I became curious about this while doing homework, although the homework doesn't ask these questions. From my experiments with various (eigen)subspaces, it appears that if the subspaces are orthogonal, then the distance will be 1. There should be a very simple explanation for that, although I don't have time to work it out right now (something to do with $\sin\theta = 1$ ?). Orthogonality is not a necessary condition, however. For example, subspaces with the following bases have a distance of 1.

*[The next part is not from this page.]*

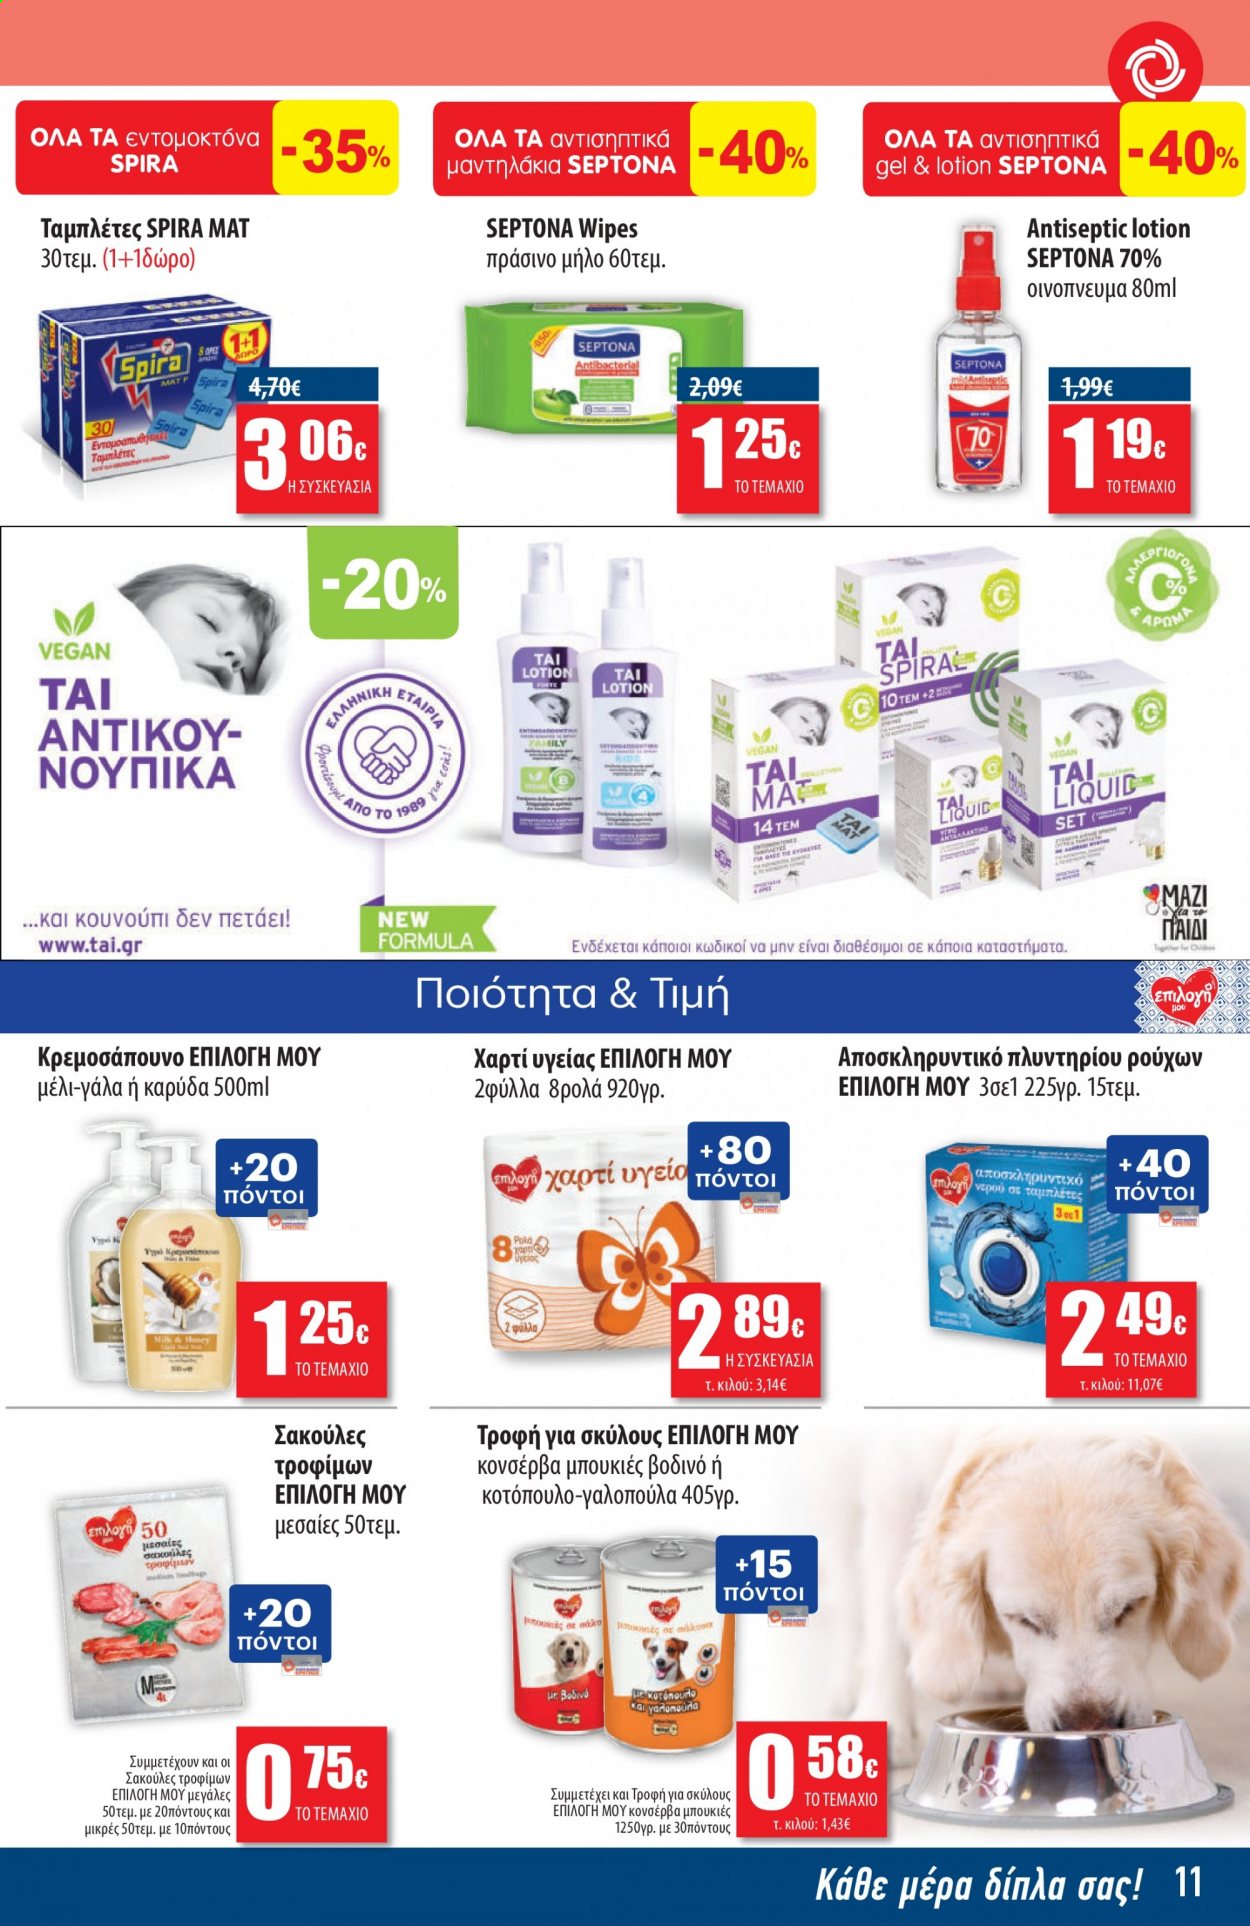 thumbnail - Φυλλάδια ΚΡΗΤΙΚΟΣ - 01.07.2021 - 14.07.2021 - Εκπτωτικά προϊόντα - γαλοπούλα, κοτόπουλο, γάλα, μέλι, χαρτί υγείας, αντισηπτικά μαντηλάκια, τροφή για σκύλους. Σελίδα 11.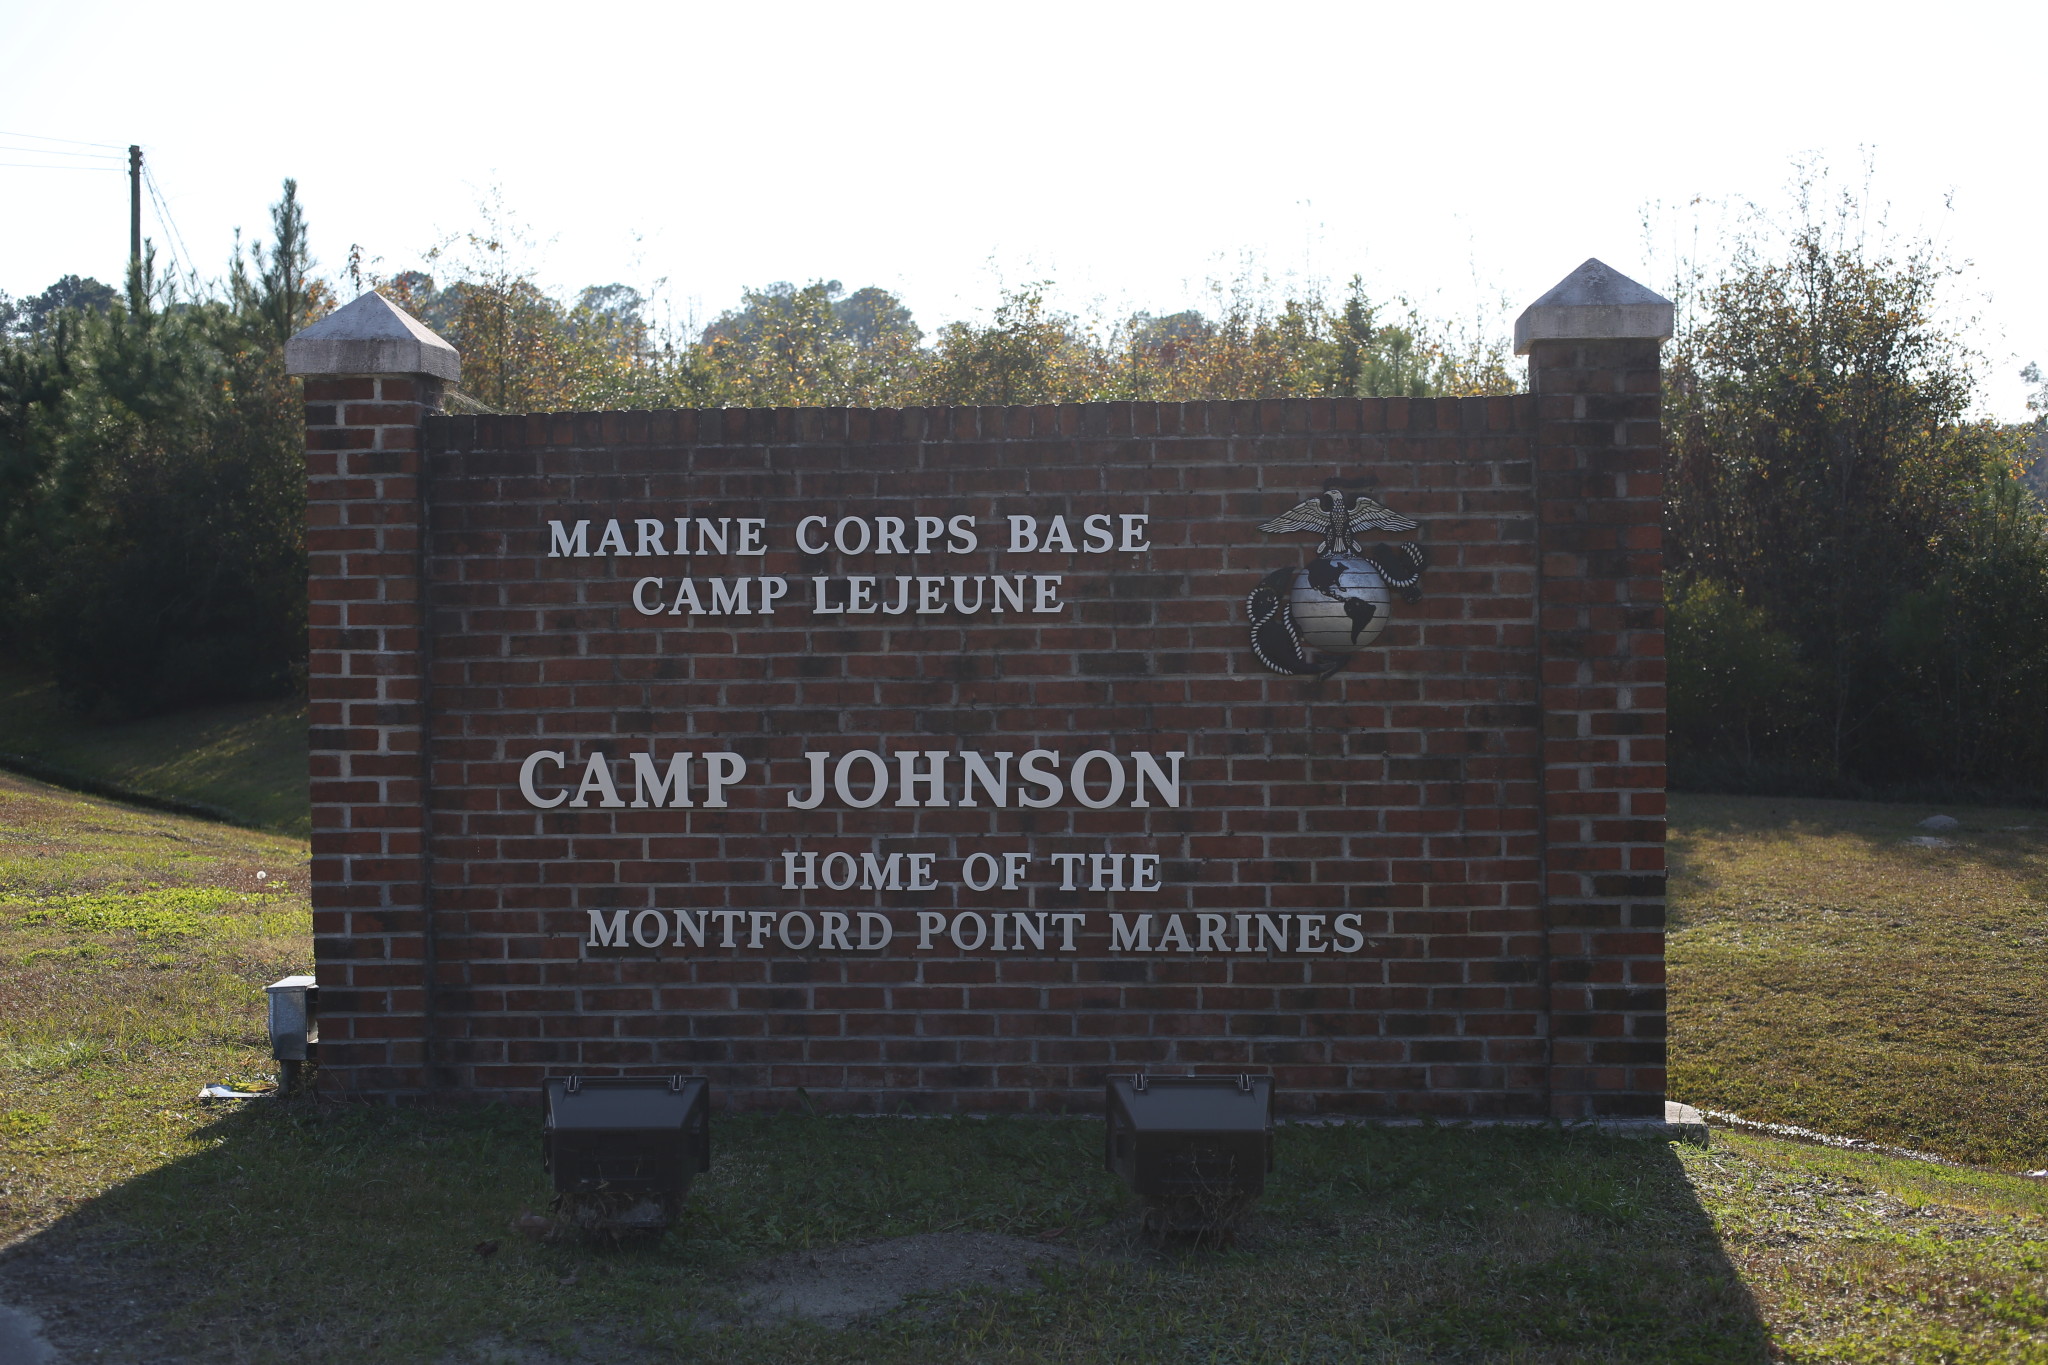 Camp Johnson

$$  \begin{align*} V_1 &= \left[ \begin{array}{rr} -1 & -1 \\ 1 & 0 \\ 0 & 1 \\ 0 & 0 \end{array} \right] \\
V_2 &= \left[\begin{array}{r} -2 \\ 4 \\ 1 \\ 2\end{array}\right] \end{align*} $$
My math background is limited and my linear algebra is rusty. This question should be trivial for someone with an intuitive grasp of the matrix norm, which I lack (but want to acquire). Thanks.
 A: 
if the subspaces are orthogonal, then the distance will be 1. 

This is true. In fact, a more general statement is true: if one of subspaces contains a vector orthogonal to the other subspace, then the distance is $1$. Indeed, if $x\in V_1\cap V_2^\perp$, then $P_1x=x$ and $P_2x=0$, hence $\|(P_1-P_2)x\|=\|x\|$. 
In particular, if $V_1$ and $V_2$ have different dimensions, then the distance is $1$, because at least one of two intersections $V_1\cap V_2^\perp$ and $V_1^\perp\cap V_2 $ will be nonempty for dimension-counting reasons. 
Eigenspaces of a symmetric matrix are orthogonal, so the distance between them is $1$
The converse is also true: if the distance is $1$, then one of subspaces contains a vector orthogonal to the other. This is more transparent in another, equivalent, description of the distance: it is the Hausdorff distance between $V_1\cap B$ and $V_2\cap B$, where $B$ is the closed unit ball.
The lecture notes by 
Ming-Hsuan Yang ("EECS 275 Matrix Computation") have more relevant facts and applications.